Pour ma part, j’aime qu’un auteur m’ouvre une porte sur son imaginaire, qu’il me parle de sa voix unique, singulière. J’aime avoir l’impression que nul autre ne pourrait présenter une histoire de la même façon (c'est la raison pour laquelle j'aime autant les romans d'Antonio Lobo Antunes). À l'inverse, je n’aime pas les auteurs impersonnels dont la voix chevrotante dégage le déjà lu. Je n’aime pas non plus un style trop recherché (j'ai reposé après deux chapitres Règne animal de Jean-Baptiste Del Amo pour cette raison).
Des exemples? Voici le début de deux romans de la rentrée (je vais taire le nom des auteurs et les titres). Alors que l'envie de lire le premier meurt dans l'oeuf, je vais me précipiter pour lire le second. N'oublions pas qu'il s'agit de premières impressions. ici.
— Je vais où ? demanda Dave, coupant court à la conversation.
— Enligne-toi là, répondit J-P, d’un geste nonchalant.
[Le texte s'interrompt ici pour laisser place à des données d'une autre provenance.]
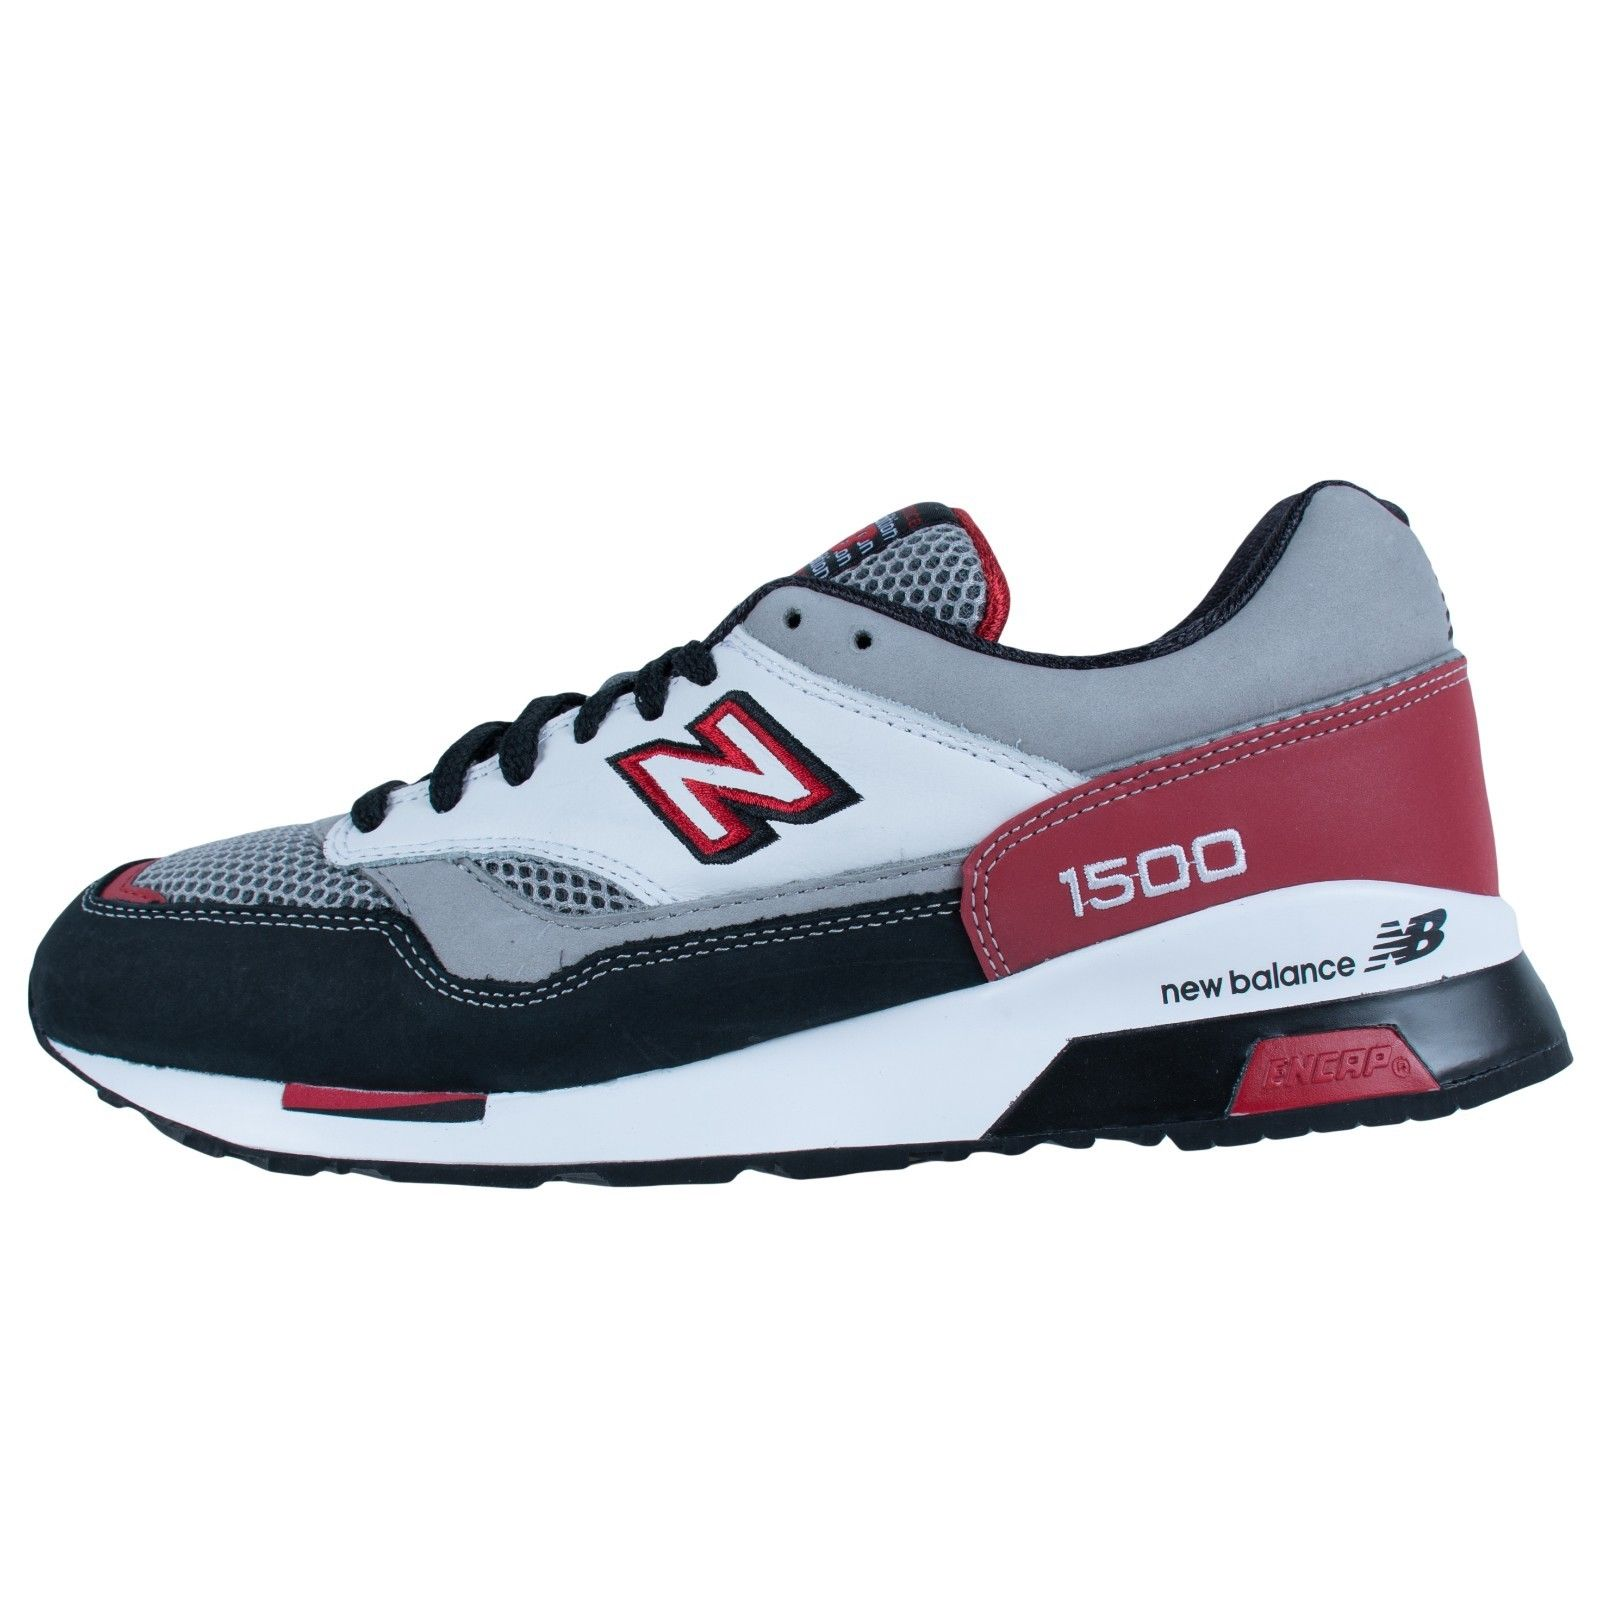 new balance 1500 classic shoe

La voiture s’immobilisa doucement derrière la plus courte des trois files de petites berlines, de camionnettes et de roulottes motorisées. Un groupe de quadragénaires caparaçonnés de cuir s’époumonait gaiement pour cou­vrir le vacarme de leurs Harley-Davidson. À gauche, des dix-huit roues patientaient dans la voie qui leur était réservée. Se découpant dans un ciel bleu presque sans nuages, des signaux lumineux verts et rouges indi­quaient les postes de douanes ouverts et fermés; l’éclat du soleil empêchait cependant de bien en distinguer la couleur. À droite, la silhouette angulaire de la boutique hors taxes ombrageait le stationnement; elle avalait et recrachait indifféremment des parents amenant d’ur­gence leur enfant aux toilettes, ou des consommateurs désirant profiter des bas prix. Seuls quelques éléments du décor rappelaient la solennité de l’endroit atténuée par cette magnifique journée d’été: un policier et son berger allemand, de grandes clôtures de part et d’autre, et les lourdes barrières qui défendaient noblement la frontière.

Ici, ce qui m’agace, c’est d’abord la lourdeur, puis le mélange de langage populaire («Enligne-toi là») et de mots recherchés («quadragénaires caparaçonnés»). Certaines images me plaisent («elle avalait et recrachait indifféremment…»), mais le fait qu’elles soient juxtaposées à des phrases sans âme («la silhouette angulaire de la boutique hors taxes», «des consommateurs désirant profiter des bas prix.») brise le rythme de lecture.

Si Samuel avait su que sa mère allait partir, peut-être aurait-il fait plus attention. Peut-être l’aurait-il davantage écoutée, observée, aurait-il consigné certaines choses essentielles. Peut-être aurait-il agi autrement, parlé autrement, été une autre personne.
Peut-être aurait-il pu être un enfant pour qui ça valait la peine de rester.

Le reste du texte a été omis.